Ryan, team leaders decide Solo should miss game

September 29, 2007
By Associated Press

SHANGHAI, China -- Outspoken U.S. goalkeeper Hope Solo will not be with the team for Sunday's third-place game against Norway in the Women's World Cup.

Coach Greg Ryan announced the decision 24 hours before the game and just two days after Solo went public and criticized him for benching her for the semifinal with Brazil. Ryan went with 36-year-old veteran Briana Scurry, but it didn't matter. Brazil overwhelmed the top-ranked Americans 4-0, superior in every phase of the game.

Ryan said Solo would not play against Norway, and would not attend the game. Team officials said Saturday she remained in China making it likely she will return with the team.

Scurry will now start against Norway.

"We have moved forward with 20 players who have stood by each other, who have battled for each other," Ryan said on Saturday. "And when the hard times came -- and the Brazil game was a hard time -- they stood strong. Now it's the 20 who have stuck together who will be ready to go out and compete against Norway."

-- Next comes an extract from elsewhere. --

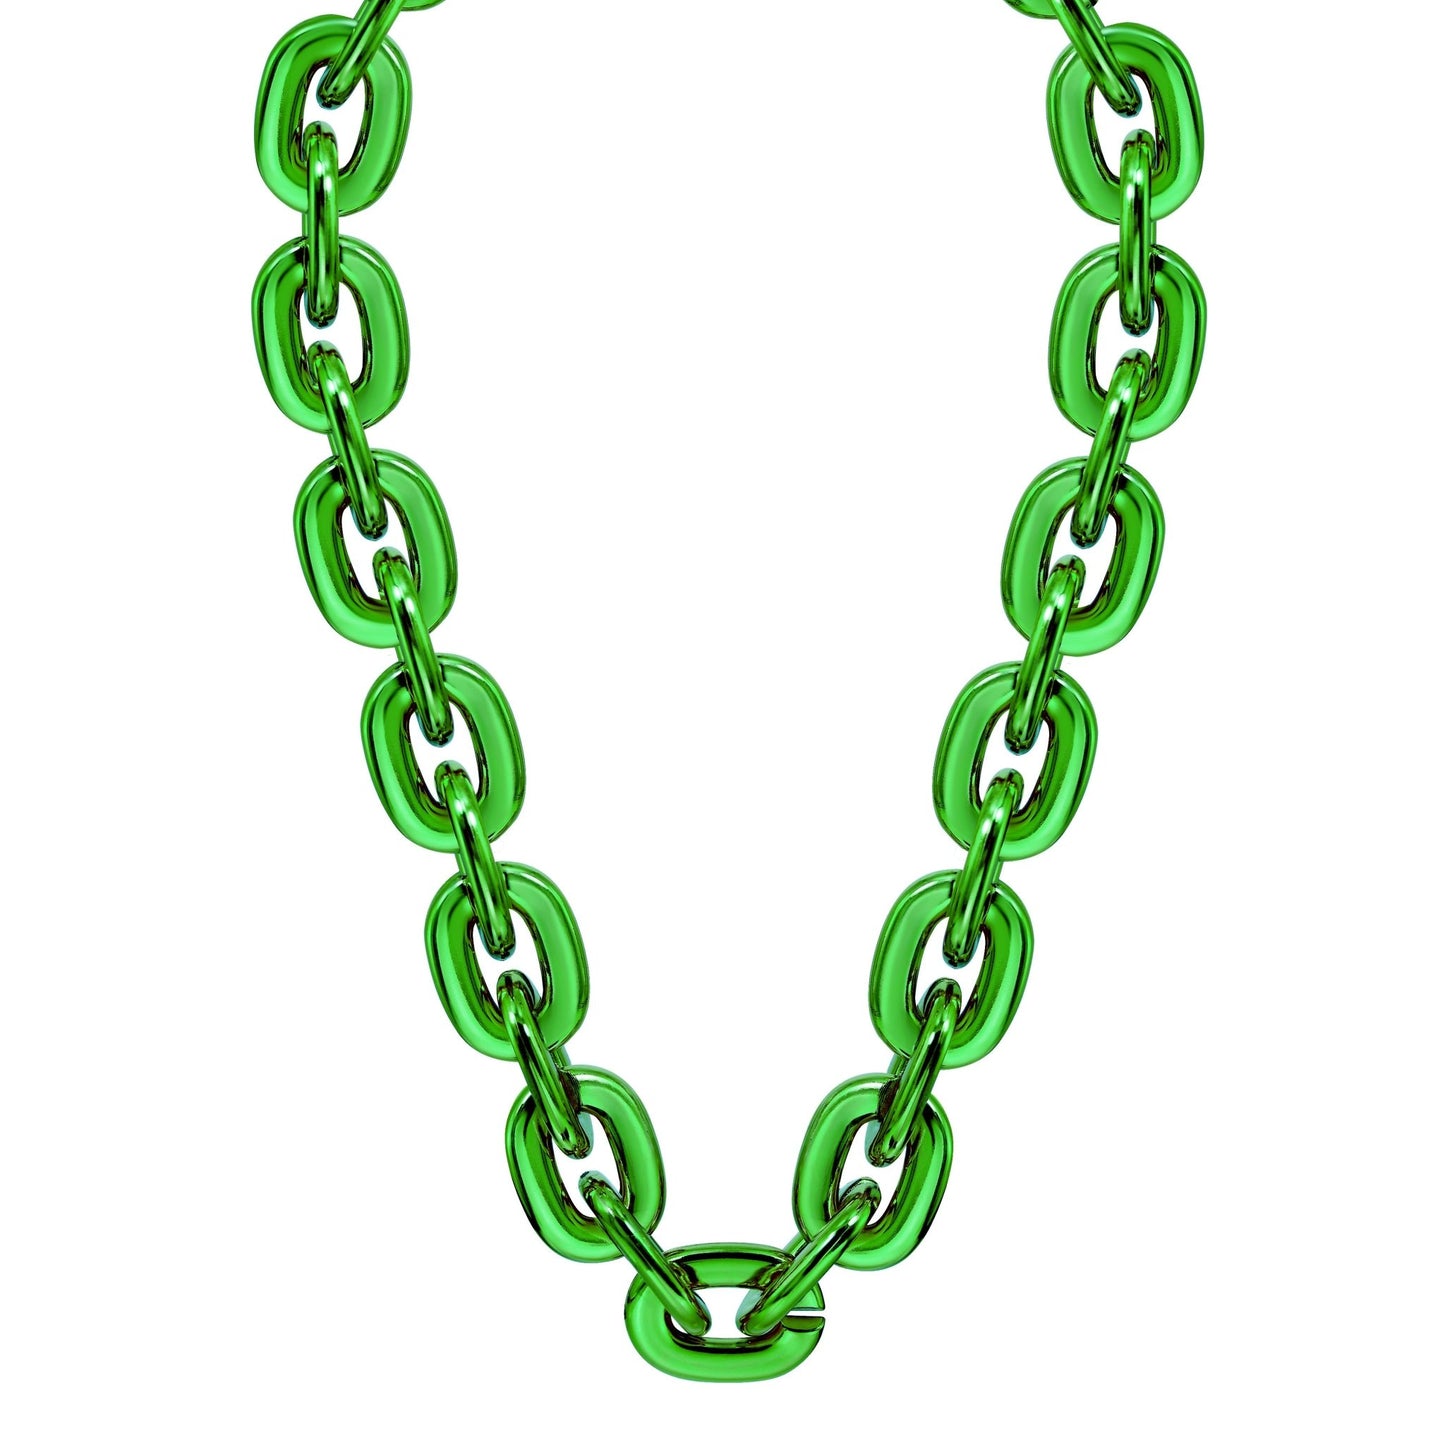 Jumbo Fan Chain Necklace - Gamedays Gear - Green

Defending champion Germany will face Brazil in Sunday's championship game. The Brazil loss marked the second straight time the United States has fallen in the semifinals of a Women's World Cup, failing to repeat titles of 1991 and '99.

Solo, 25, in a widely seen interview, said Ryan had made the "wrong decision" by benching her. She also said she would have made the saves, an open criticism of Scurry who led the United States to the '99 title and gold in the 2004 Olympics.

Captain Kristine Lilly and star striker Abby Wambach said Solo apologized at a team meeting. And on her myspace page, Solo said she did not mean to criticize Scurry. However, she maintained Ryan's decision was wrong.

Ryan said he made the decision to leave Solo off the team after meeting with "team leaders."

"The circumstance that happened and her going public has affected the whole group," said Lilly, the 36-year-old striker who is playing in a record fifth World Cup. "And having her with us would still be a distraction."

Wambach, who has four goals in the World Cup, called the controversy "uncharted territory" for the U.S. women, who were unbeaten in their first four games: a tie with North Korea, and wins over Sweden, Nigeria and England.

"It just goes to show you have to be professional all the time and you have to watch what you say," Wambach said.

The goalkeeping flap has turned an otherwise placid World Cup into one spiced with controversy, boosting its visibility in the United States.

The third-place game also takes on more significance.

"This is our chance to get back on the field and show our country and our fans how we can play soccer," Lilly said. "That's really what's important for this group right now."

Ryan and Wambach said Solo may still have a future with the U.S. team, but Ryan has suggested the position is deep with young players coming up.

"Everybody has a potential to have a future with this team," Ryan said. "I think what's got to occur is reconciliation and that is a very slow process."

"She's made a mistake and she knows that," Ryan added. "Believe me, I've made a tons of mistakes in my life -- bigger than Hope's."

In her interview after Thursday's loss, Solo said: "It was the wrong decision, and I think anybody that knows anything about the game knows that. There's no doubt in my mind I would have made those saves. ... You have to live in the present. And you can't live by big names. You can't live in the past."

Ryan's future is also up in the air.

The United States was unbeaten in 51 straight games before the Brazil loss, but the lopsided defeat and Ryan's decision to switch keepers -- Solo had not allowed a goal in almost 300 minutes -- makes it unclear if he will be retained.

Sunil Gulati, the president of the United States Soccer Federation, said Saturday that Ryan's contract was up at the end of the year. He did not say if Ryan would coach the team in next year's Beijing Olympics.

"In all events like this ... we do a pretty quick analysis of what's happened; what's gone well, what's not gone well," Gulati said.

"That will happen even more quickly in this case," he added. "We'll analyze this situation after tomorrow [Sunday]. We've already starting analyzing it."